As Jukempo became tactically less interesting, it moved to a ground fighting method.

==Jukenpo today==
Jukenpo is actually part of the Takeda Ryu Nakamura Ha Sobudo and is considered a complement to the Aikido taught in this school. Jukenpo strikes are used to divert an opponent before a decisive action such as a sword cut, a throw or a joint break.

The combination of Aikido and Jukenpo is often named Jūjutsu Kenpo (柔術拳法).

===Technical aspects===
Jukenpo uses strikes, throws, locks and chokes. As a descendant of the Chinese boxing, punches and kicks are fundamental in this art.

The basic punches are:
- Tate Ken Tate Uchi: "hammer" blow to the top of the fontanel.
- Tate Ken Yoko Uchi: "hammer" blow to the temple.
- Tate Ken Gyaku Yoko Uchi: cross "hammer" blow to the temple.
- Tate Ken Yoko Uchi: "hammer" blow to the ribs.
- Tate Ken Gyaku Yoko Uchi Chudan: cross hammer blow to the ribs.
- Tate Ken Jodan Tsuki: punch to the face with the hand in a vertical position.
- Tate Ken Chudan Tsuki: punch to the abdomen with the hand in a vertical position.
- Yoko Ken Jodan Tsuki: punch to the face with the hand in an horizontal position.
- Yoko Ken Chudan Tuski: punch to the abdomen with the hand in a horizontal position.
- Yoko Ken Yoko Uchi: punch to the temple, similar to an hook in boxing.
- Yoko Ken Age Uchi: punch to the chin, similar to an uppercut.
- Uraken Mukae Uchi: reverse punch to the nose.
- Uraken Age Uchi: reverse punch to the jaw.

The basic kicks are :
- Ate Geri Chudan: front kick to the abdomen.
- Harai Geri Gedan: low lateral kick to the knee.
- Harai Geri Chudan: lateral kick to the ribs.
- Ori Geri Gedan: pushing kick to the kneecap.
- Ori Geri Chudan: pushing kick to the abdomen.

There are several other strikes such as Higi Uchi (elbow strikes), Hiza Geri (knee kicks) that are not included in the basic techniques and considered as Koryu Waza.

Jukenpo relies on relaxed movements to increase speed and allow faster sequences. The tension exists only during the impact.

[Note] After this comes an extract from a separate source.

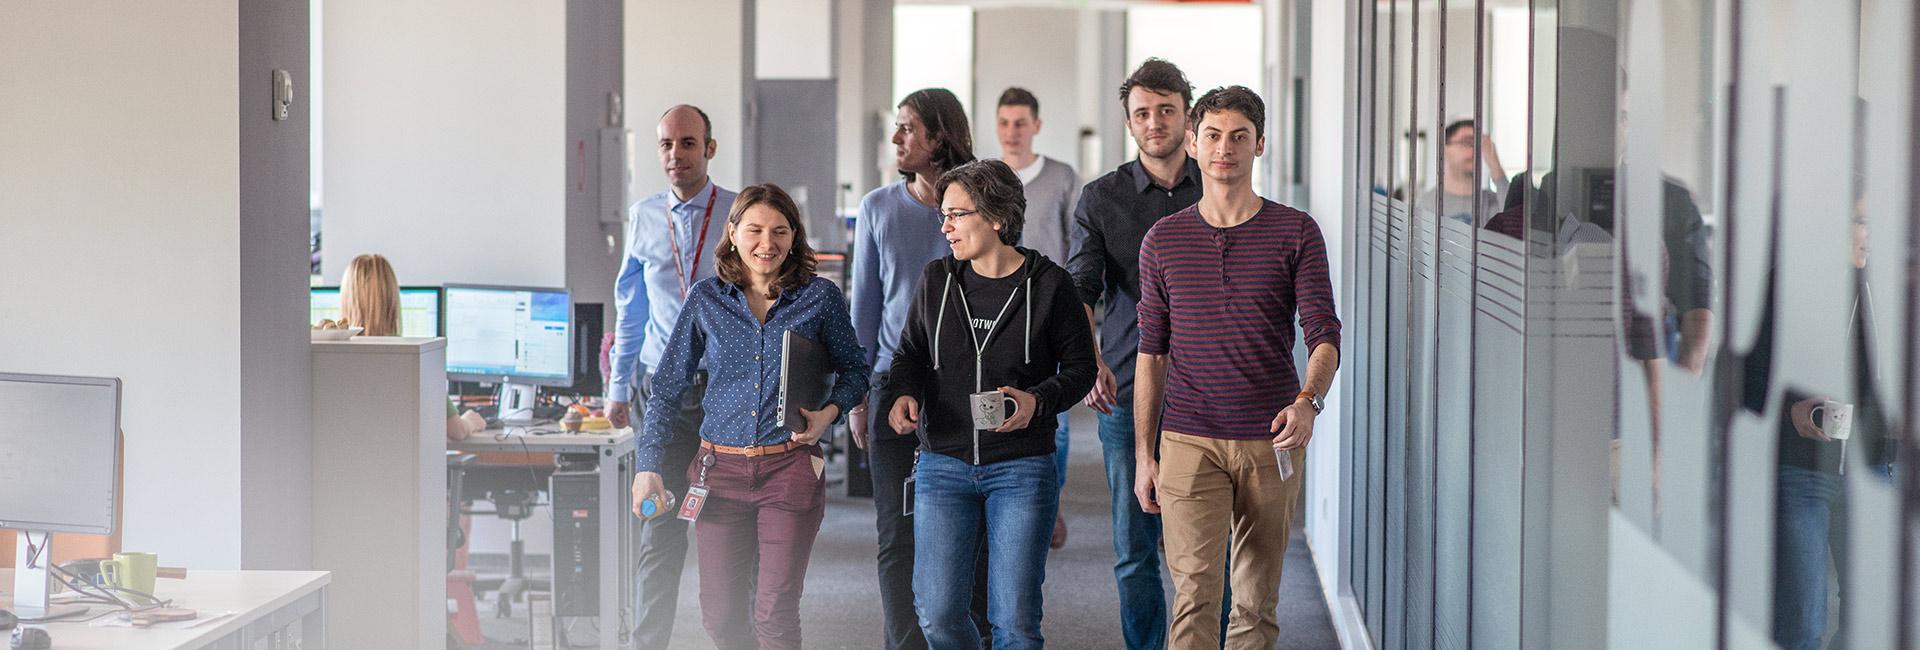 Endava devine un jucator IT global prin fuziunea cu Velocity Partners

This principle is opposite to the "one hit, one kill" philosophy of Karate.

===Teaching methods===
The Kihon Waza (basic techniques) are designed to acquire the basic principles of the techniques. The first approach is to repeat the hits and blocks alone. In order to improve the basics, the techniques are then practised with a partner. One of the partners is the attacker and the other one the defender. This training is scheduled and conventional.

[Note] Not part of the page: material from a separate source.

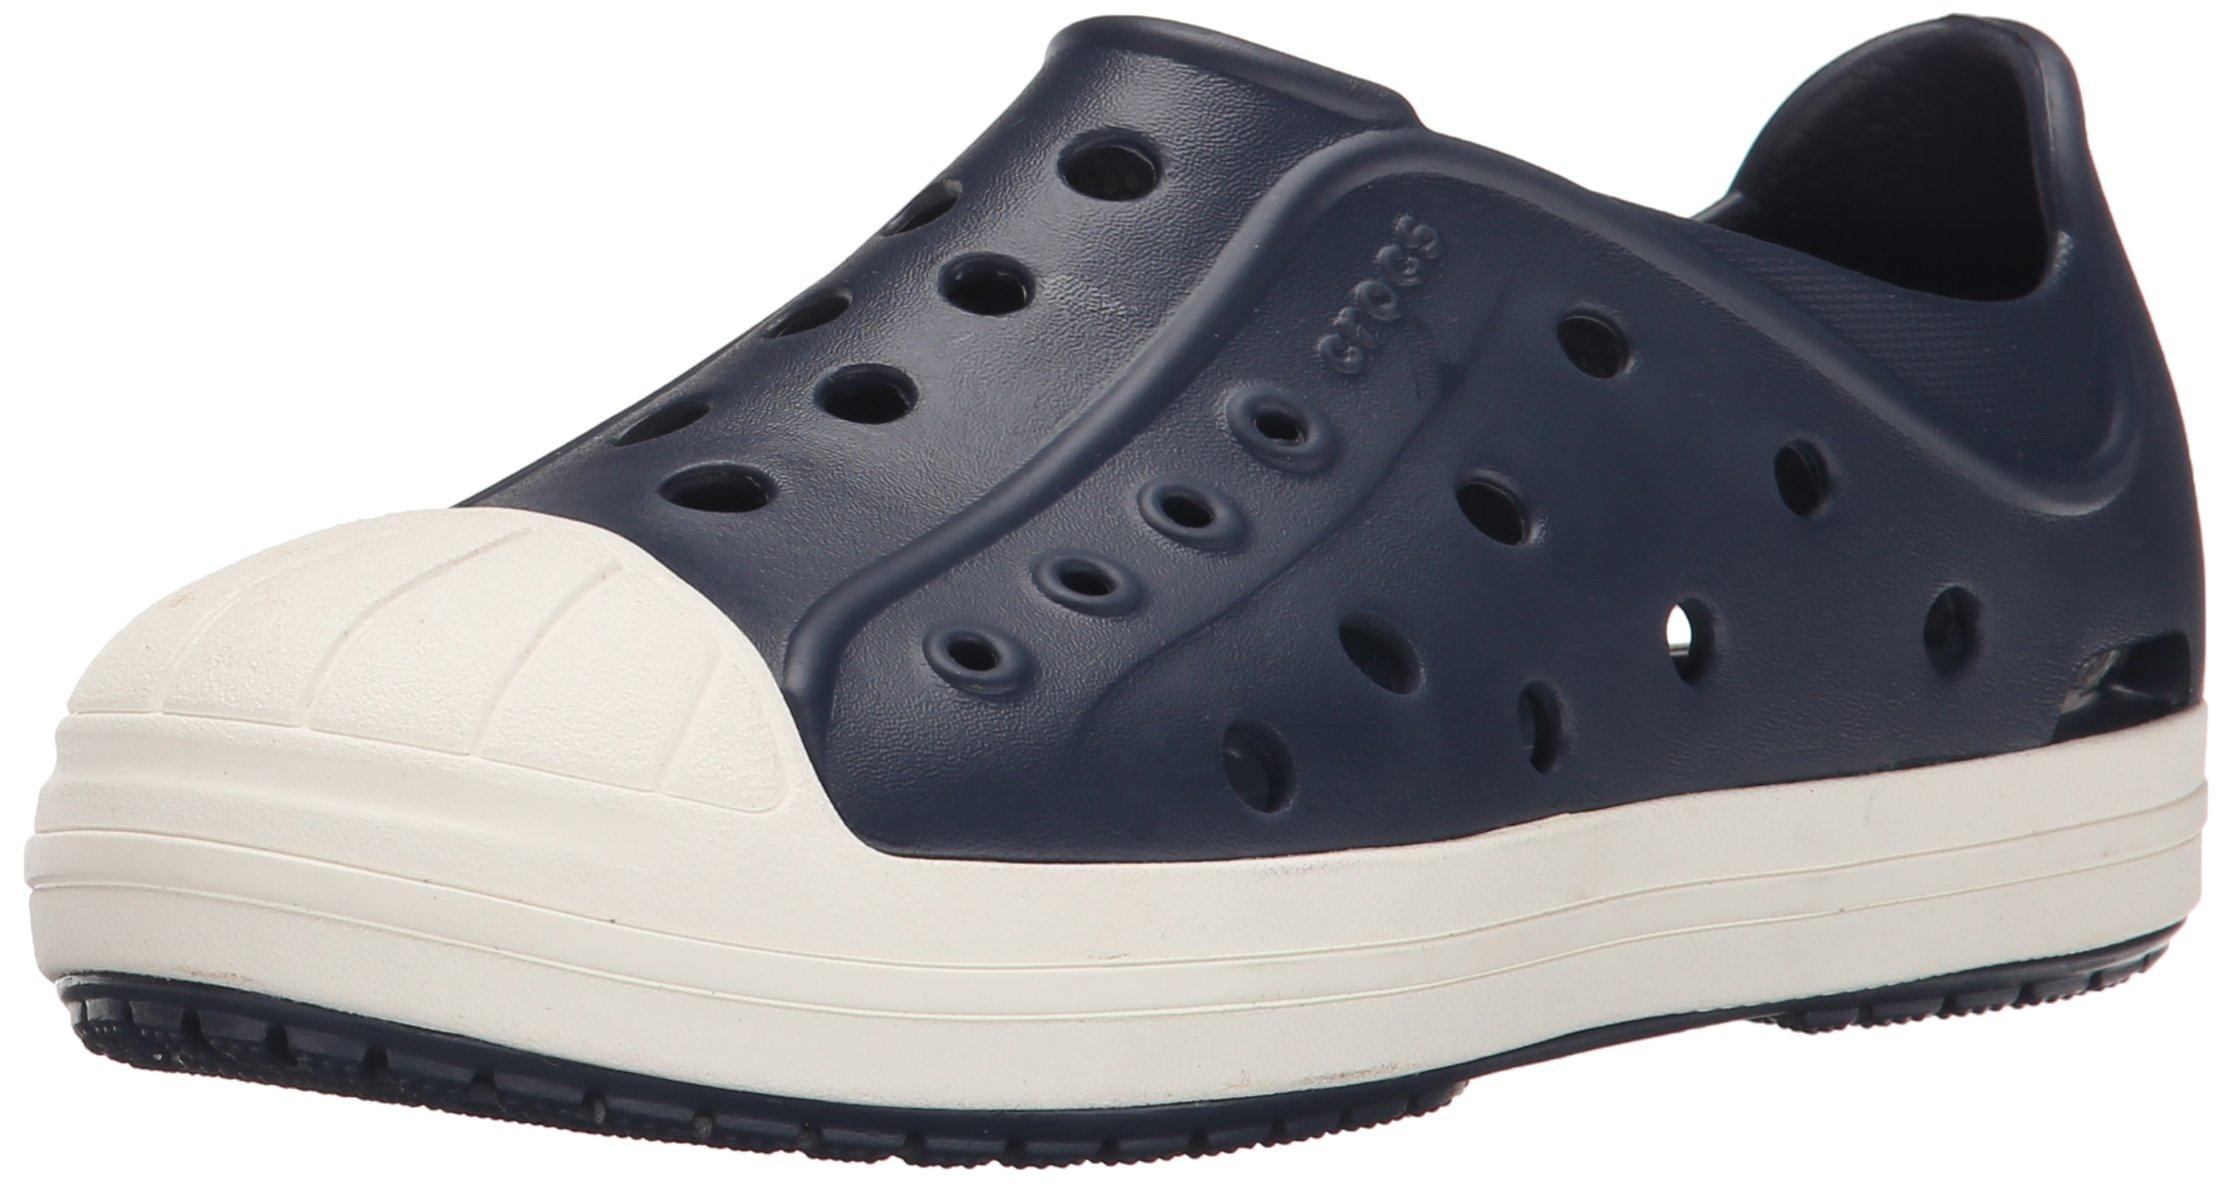 crocs Bump It Shoe Slip-On Shoe (Toddler/Little Kid), Navy/Oyster, 6 M US Toddler by Crocs

After that, the training focuses on Kaeshi Waza to develop the Sen no Sen feelings. These exercises aim to hit the attacker exactly at the moment he takes the initiative.

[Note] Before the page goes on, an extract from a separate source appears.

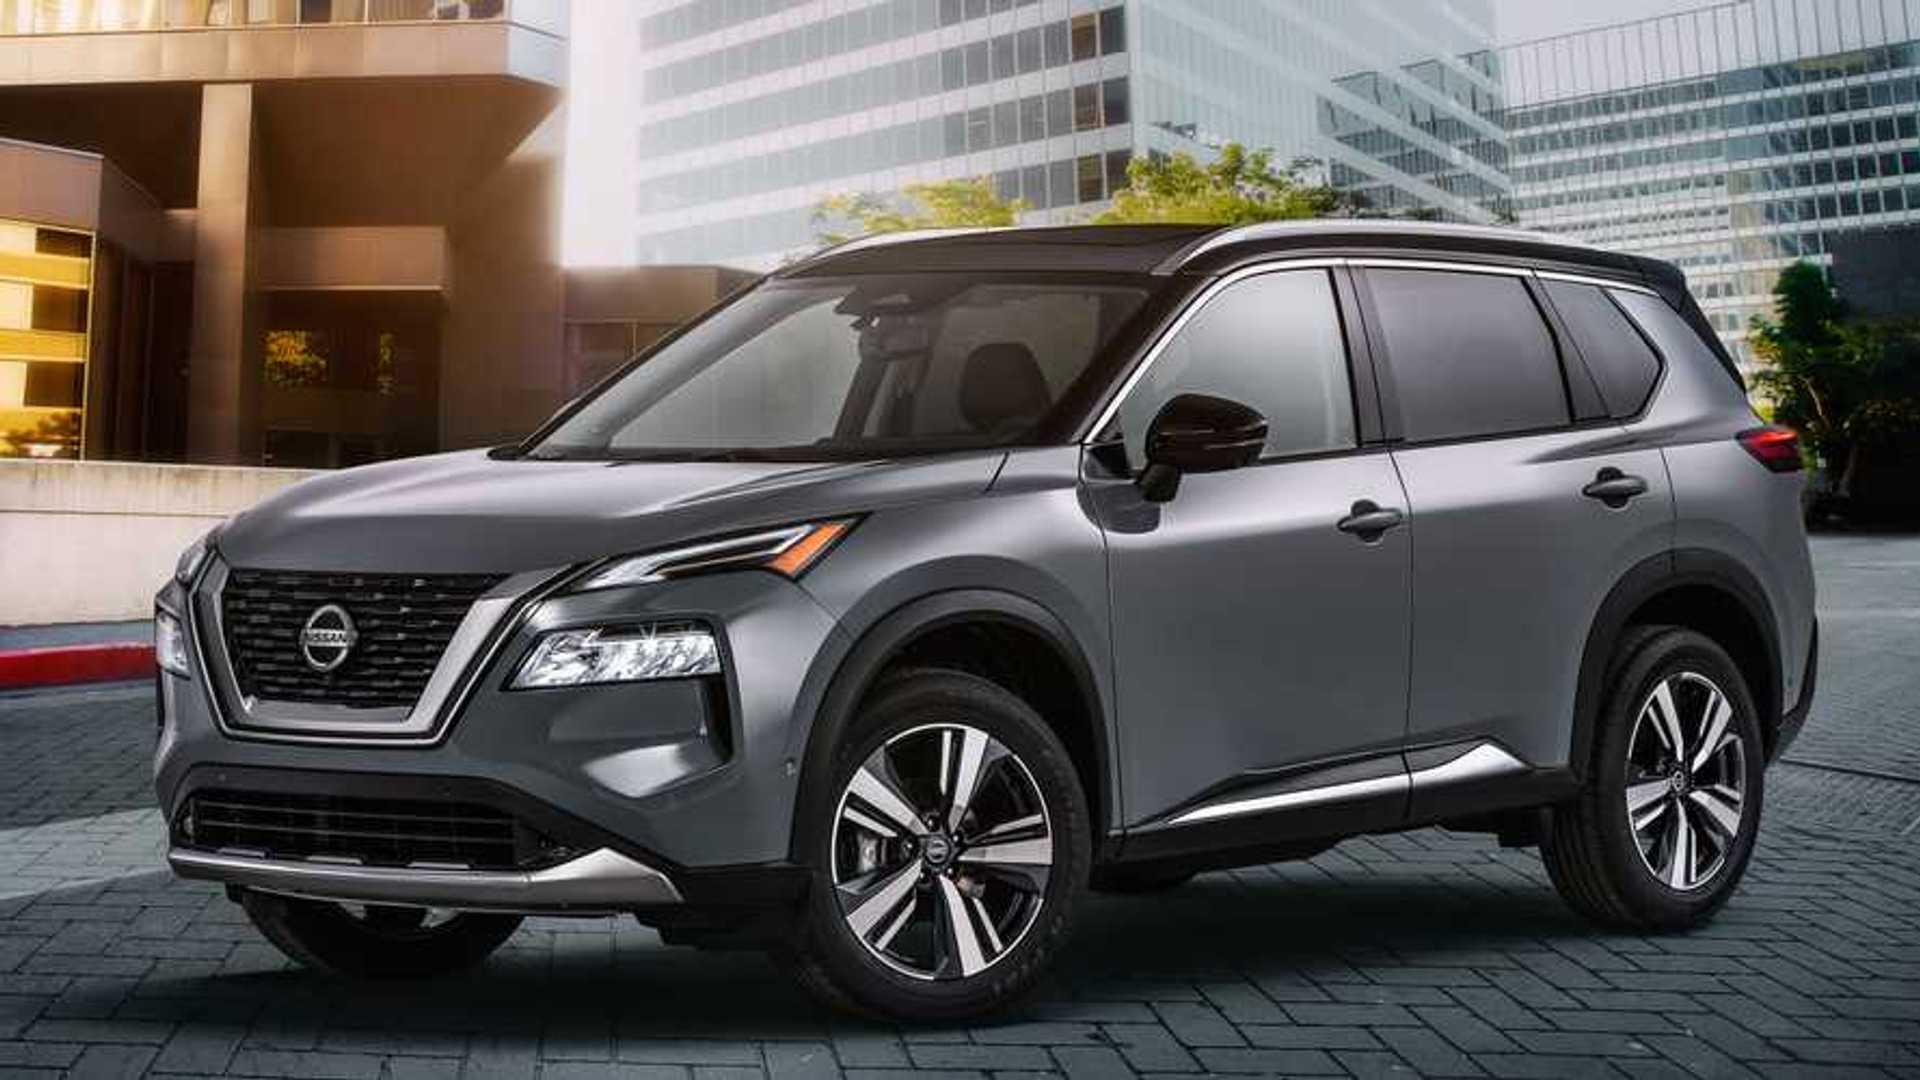 2021 Nissan Rogue Redesign Emphasizes Tech, Versatility

At mid-level, Kumite Randori (free partner sparring) is practiced in the form of Ju Ippon Kumite (soft, one hit, free sparring) and Ju Kumite (soft free sparring). Shiai Kumite is another part of the teaching. Shiai Kumite is a way to train as close as possible of a real fight. The opponents wear at least hands, feet and teeth protectors to avoid injuries.

The highest and most advanced level of technique is Koryū Waza. Koryū Waza are ancient techniques, designed for maximal efficiency and damages with a minimal effort. They originate from battlefields.